A : L’Old Club est et restera pour lui un club de cœur. C’est là que Tanguy a passé la majorité de son parcours de hockeyeur. Maintenant, Tanguy a toujours eu pour objectif d’aller le plus loin possible dans son sport. Je le verrais très bien quitter Liège s’il en a l’occasion et si ça se met bien avec sa vie professionnelle.

 

T : En tant que hockeyeur, évoluer au plus haut niveau est ce qu’il y a de mieux selon moi. Je ne sais pas ce que l’avenir me réserve. Mais quitter mon club n’est pas au programme à l’heure actuelle.

 

Que représente l’Old Club à ses yeux ?

 

A : Après notre départ du Baudouin à 11 ans, il a tout de suite noué des liens forts avec le club. Je pense que quoi qu’il arrive dans son parcours sportif, Liège restera son club de cœur et gardera une place particulière dans sa vie.

 

T : C’est exactement ça !

 

 

Tanguy sur son frère Amaury…

 

Si tu devais comparer Amaury à une star du hockey mondial, ce serait qui et pourquoi ?
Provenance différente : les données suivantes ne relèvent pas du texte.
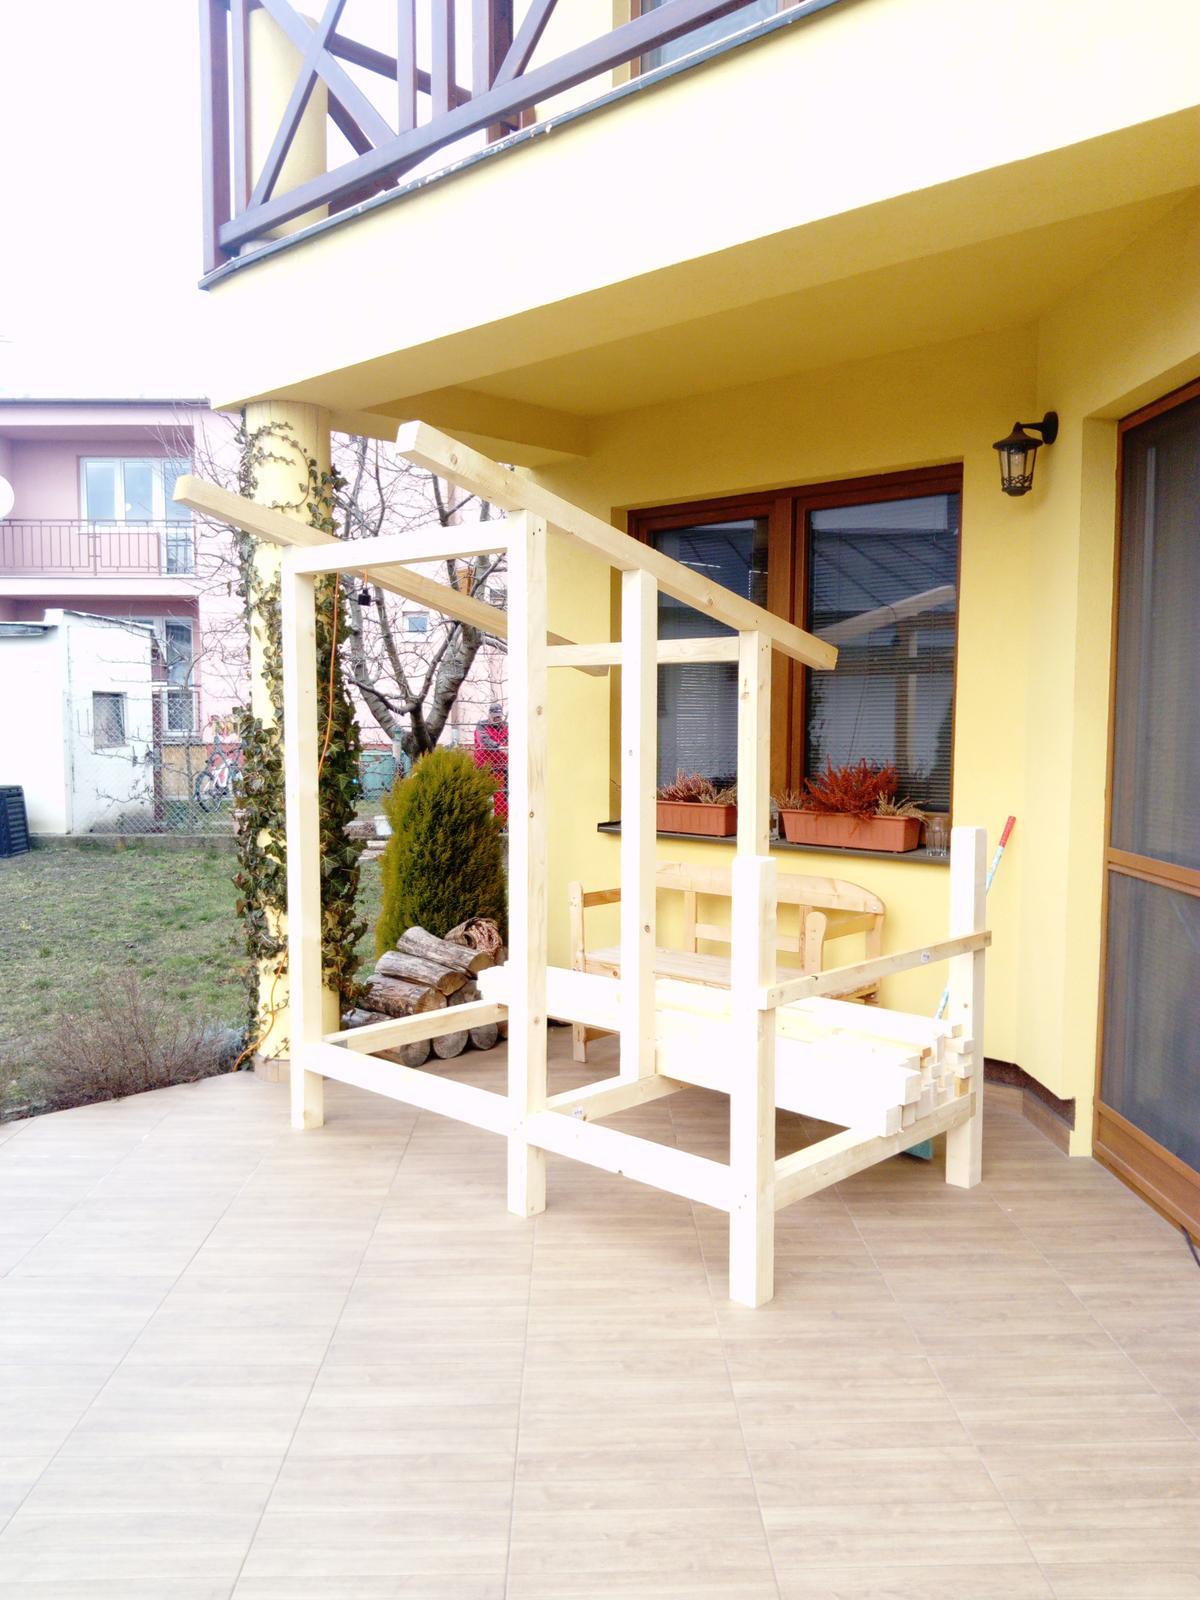 Detský domček (vo výstavbe) - Obrázok č. 16

Tanguy : John-John Dohmen. Comme lui, un de ses atouts est sa condition physique. Ils ont également un style de jeu similaire : simple mais efficace.

Quelle est sa principale qualité en dehors des terrains ? T : L’assiduité́. Que ce soit dans ses études ou au niveau de son hygiène de vie, il est très (parfois trop) assidu.
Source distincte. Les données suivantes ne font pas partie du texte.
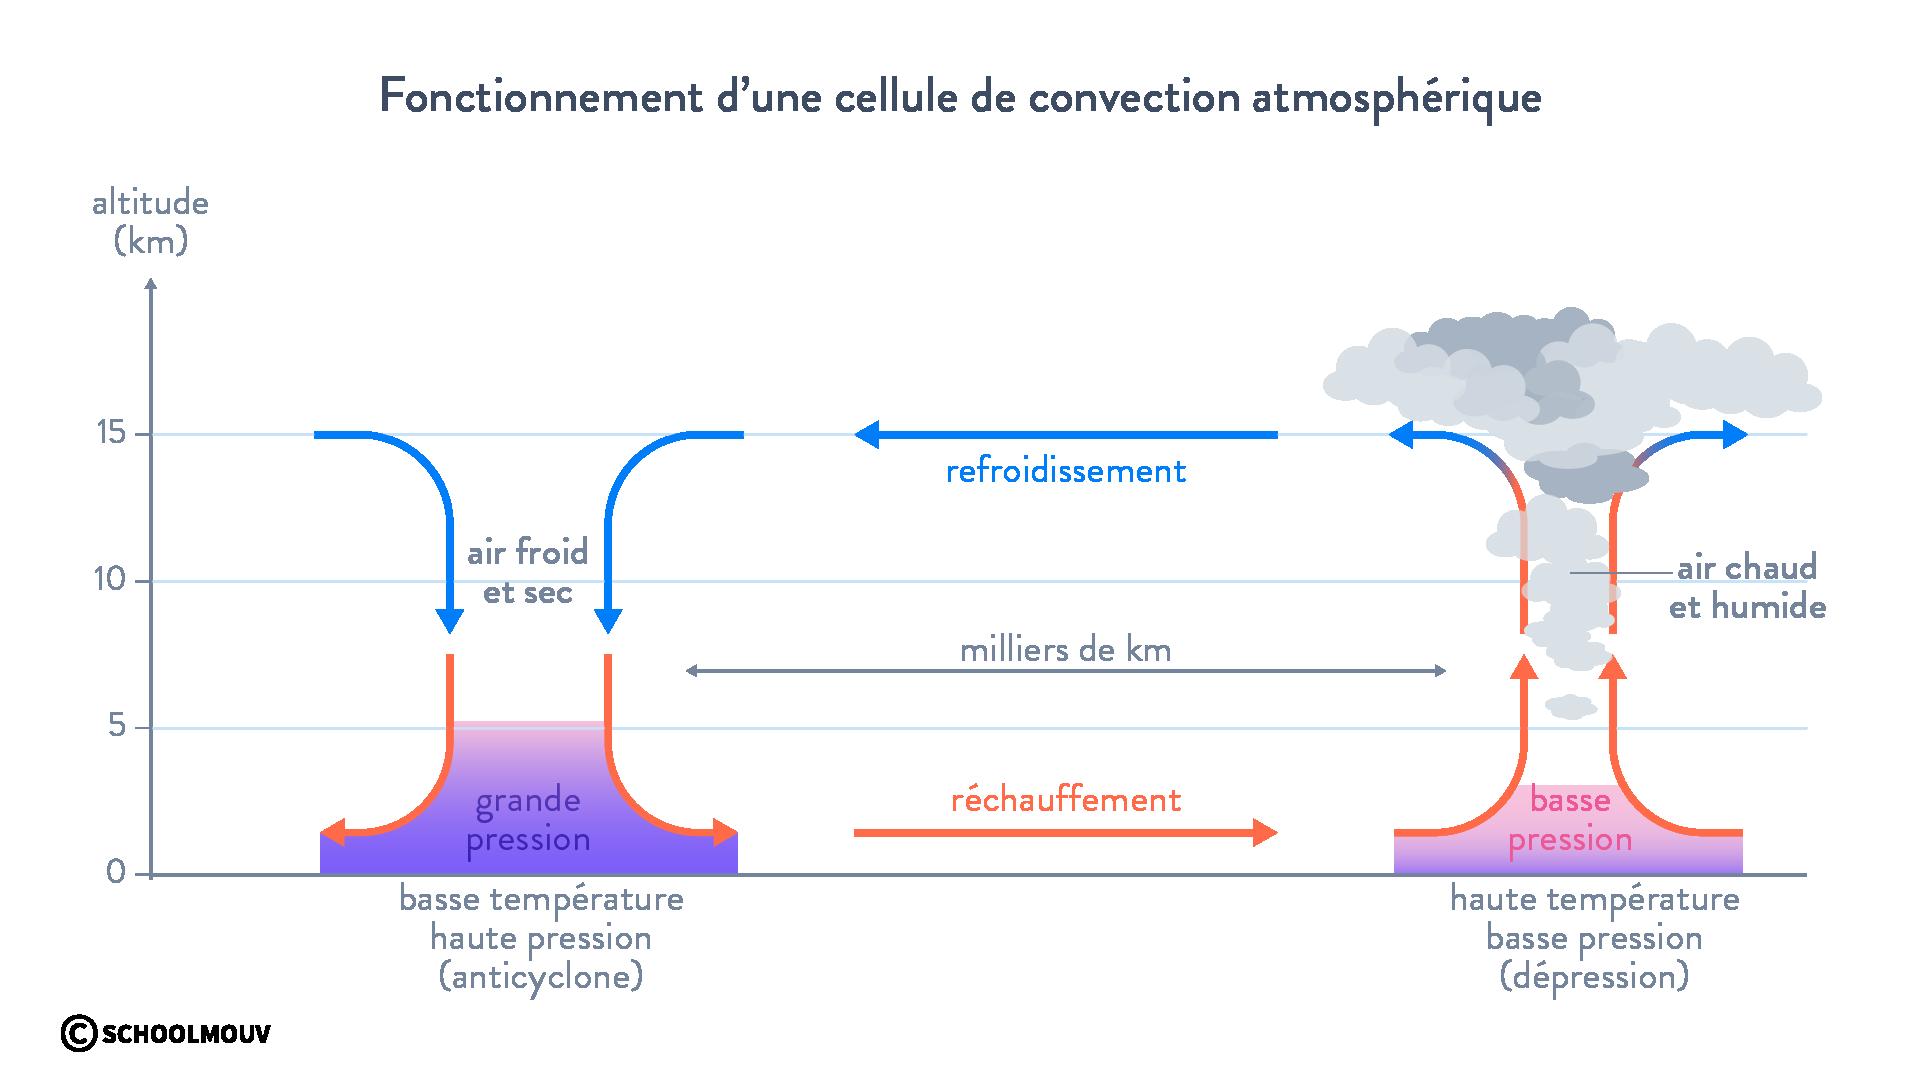 Fonctionnement cellule de convection atmosphérique

Quel est son principal défaut sur le terrain ?

T : Il n’y pas de défaut flagrant qui me saute aux yeux. Je dirais toutefois qu’à certains moments, il se précipite un peu trop et manque de justesse dans le dernier geste.
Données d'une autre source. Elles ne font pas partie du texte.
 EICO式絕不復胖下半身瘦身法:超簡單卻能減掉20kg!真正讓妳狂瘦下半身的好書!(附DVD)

A : Je pense aussi que je dois mieux analyser le jeu. Surtout dans cette division où tout est plus rapide. Il faut donc réagir plus vite.

Te souviens-tu d’une grosse bêtise qu’il ait faite dans votre jeunesse ?

T : Rien ne me vient à l’esprit malheureusement. Amaury était plutôt calme étant plus jeune.

Quels sont ses hobbies à côté du hockey ?

T : C’est quelqu’un de très actif socialement. Il fait donc beaucoup d’activités avec des amis (cinéma, soirée, …). Le confinement n’arrange pas ses affaires.

Y a-t-il quelque chose qui l’insupporte au plus haut point dans la vie de tous les jours ?

T : Quand je le bats à FIFA.

A : Il oublie de dire qu’il ne gagne que seulement quelques fois par rapport aux fois où il est battu.

Quel rôle a-t-il joué dans la montée en DH la saison passée ?

T : Il a fait exactement ce qu’on attendait d’un milieu. C’était un bon relais entre la défense et l’attaque tout en étant percutant quand il le fallait.

Comment juges-tu son championnat jusqu’à présent ?

T : À l’image de l’équipe, Amaury n’a pas encore montré toute l’étendue de son potentiel. Il a subi une blessure à l’entraînement juste avant la reprise qui l’écarte des terrains jusqu’à 2021. Ce n’est donc clairement pas son meilleur début de championnat mais il bosse dur et se prépare déjà̀ pour son retour. Je ne me fais pas de soucis pour lui.

A : J’ai eu une blessure durant le premier entrainement de reprise de la DH en novembre. Malheureusement je dois attendre quelques semaines avant de pouvoir remonter sur le terrain, ce qui est assez frustrant. Mais je continuer de m’entrainer avec ce que j’ai pour revenir plus fort en championnat.

Le verrais-tu un jour quitter l’Old Club pour aller jouer le haut du classement de DH ? T : Je ne pense pas que ce soit son style. C’est plus un clubman. Il est toujours resté fidèle au club et à l’équipe malgré les relégations qu’on a déjà subies. Ça m’étonnerait donc.

A : Le hockey a toujours été loisir pour moi. Actuellement, je pense avant tout à mes études qui me prennent beaucoup de temps à côté. Quand je monte sur le terrain c’est avant tout pour retrouver mes coéquipiers, qui sont plus une bande de potes, et m’amuser.

Que représente l’Old Club à ses yeux ? T : Sa vision du club, et plus particulièrement de notre équipe, serait celle d’une seconde famille. On est vraiment une bonne bande de potes que ce soit sur mais surtout en dehors du terrain.

 

 

Les autres choses à savoir sur les jumeaux…

 

– Tanguy supporte le FC Barcelone tandis que son frère est fan du Real Madrid.

– Amaury est en 3e médecine à l’Université de Liège tandis que son frère est en 2e année de formation chef d’entreprise et conseiller financier à l’IFAPME

– Ils voient tous les deux La Gantoise comme candidat numéro un au titre.

– Ils ont commencé le hockey à six ans et n’ont jamais été appelés en sélections nationales de jeunes

 

 

*Les Peeters du Beerschot sont des triplés.